James Archibald Russell arrived in Kuala Lumpur in 1890 at age seven and learned to speak several Chinese languages, along with Malay. The primary export from Malaya, which was a British colony at the time, was tin. Prior to BOH, Russell had worked in the Straits Trading Company, where he made connections with wealthy Chinese tin miners thanks to his proficiency in their languages. Besides investing in tin, Russell and his brothers (Philip, Donald, and Robert) put money in the nascent rubber industry in 1908. J. A. and Philip also invested in railway-related construction, including the new Kuala Lumpur railway station, which was built by one of Russell's companies between 1910 and 1917. In 1913, Russell purchased almost a third of the real estate in the town of Ipoh. He and Donald (a mining engineer from the Colorado School of Mines) founded a colliery at Batu Arang, Selangor, around 25 kilometres from the capital.

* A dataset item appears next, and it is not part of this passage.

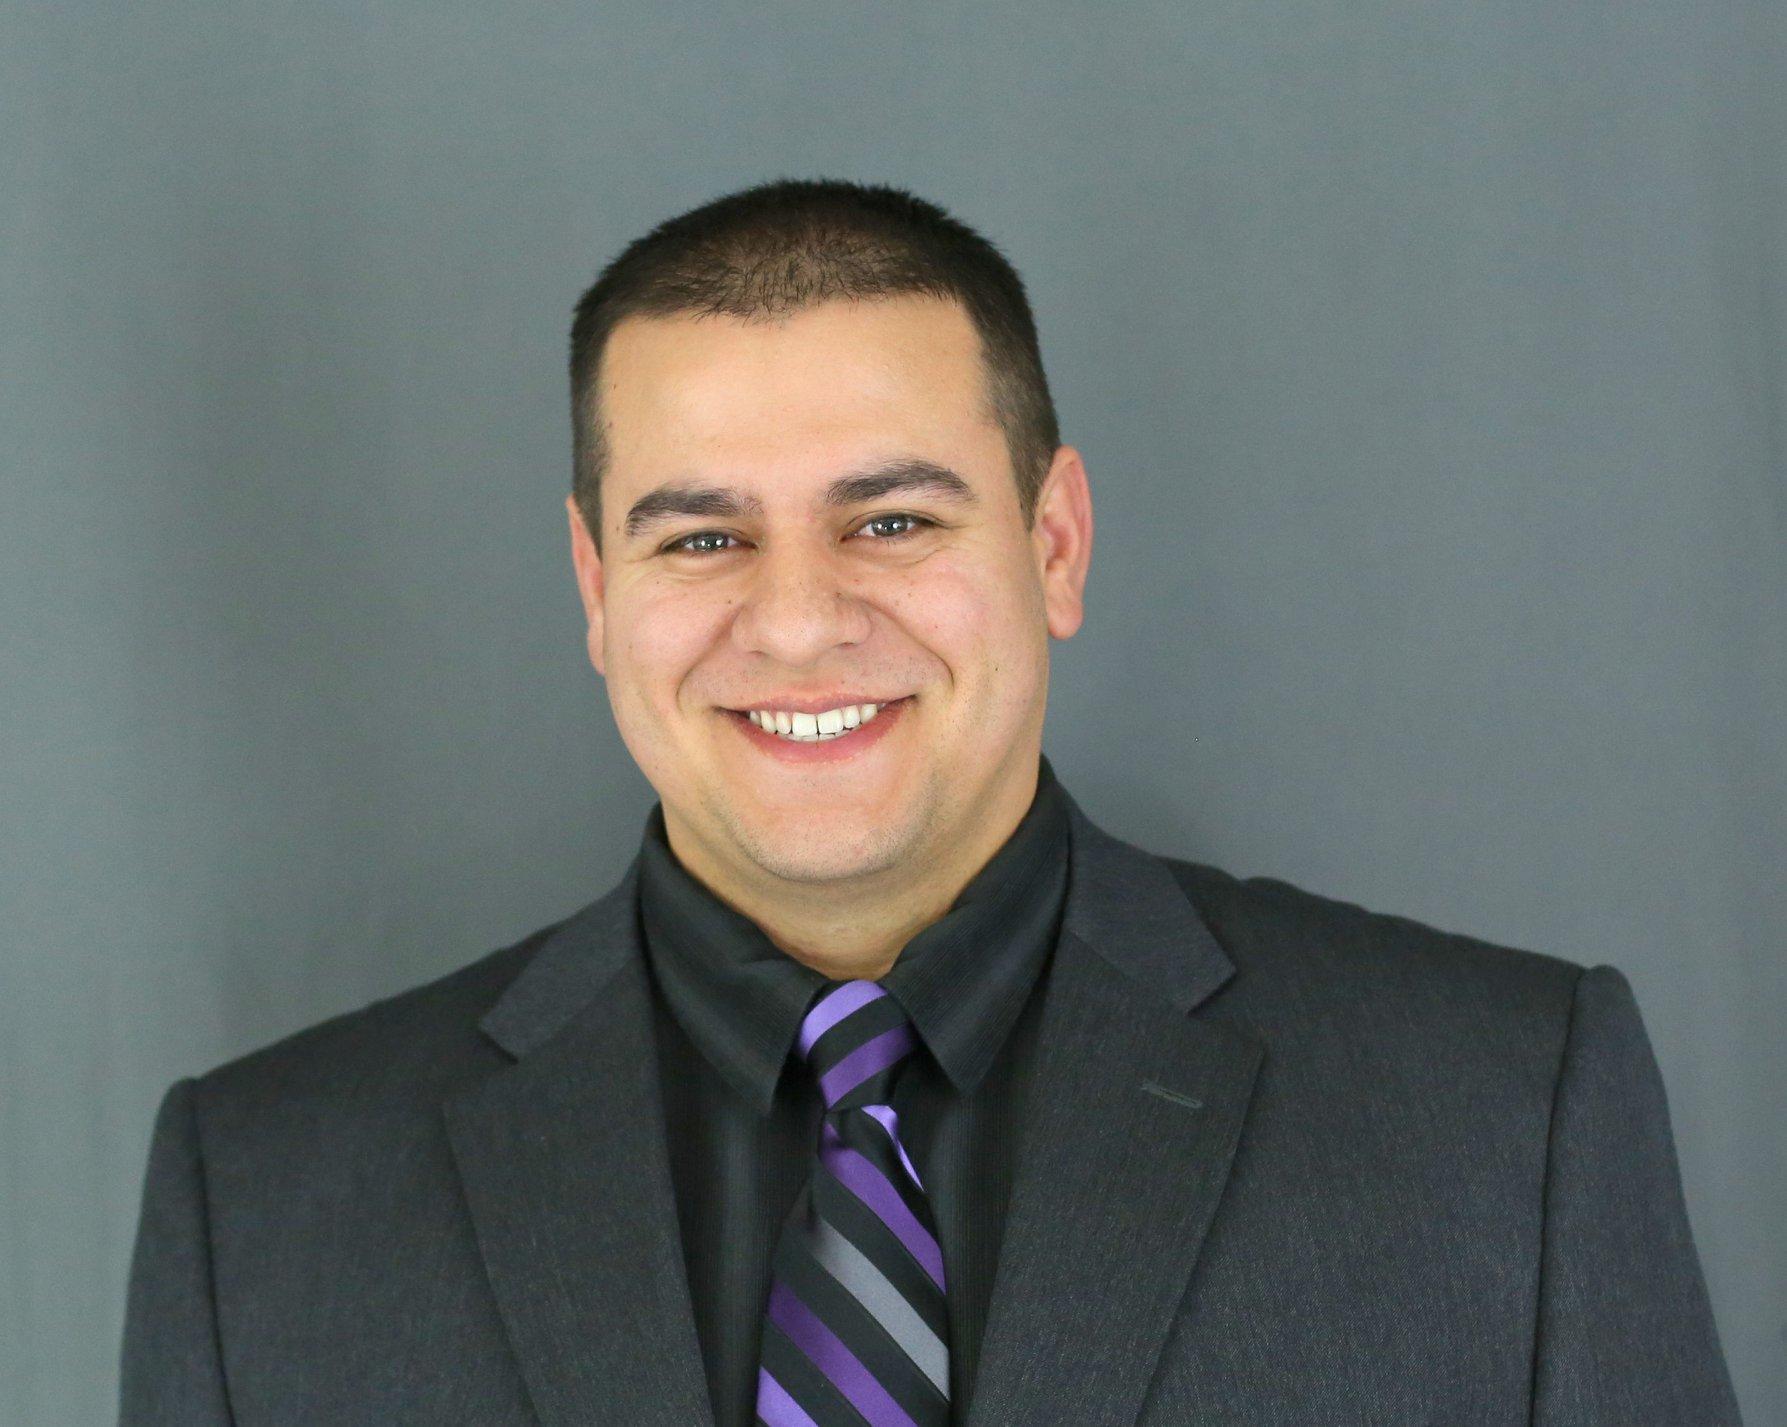 Michael Hurduc<br>Events Coordinator

Despite the worldwide Great Depression at the time BOH was founded in 1929, Russell was optimistic about the tea plantation business, due to steady demand. He was granted a land concession (together with veteran tea planter A.B. Milne from Ceylon) for the first BOH tea garden in Habu. At the time, the land was undeveloped jungle terrain, on steep slopes; with a steamroller and mule teams, the stepped plantation was created. The plantation was named after Bohea Hills in Fujian, China, where "bohea" or wuyi (武夷) tea comes from.

As of 2016, BOH Plantations owned four tea gardens: in Habu, Fairlie Tea Garden, Sungai Palas Tea Garden, and Bukit Cheeding in Selangor. There is a packaging factory near the main garden, and the company offers tours. Together, these four plantations total about 1,200 hectares of land and produce about 4 million kg of tea every year, accounting for about 70% of Malaysian tea output.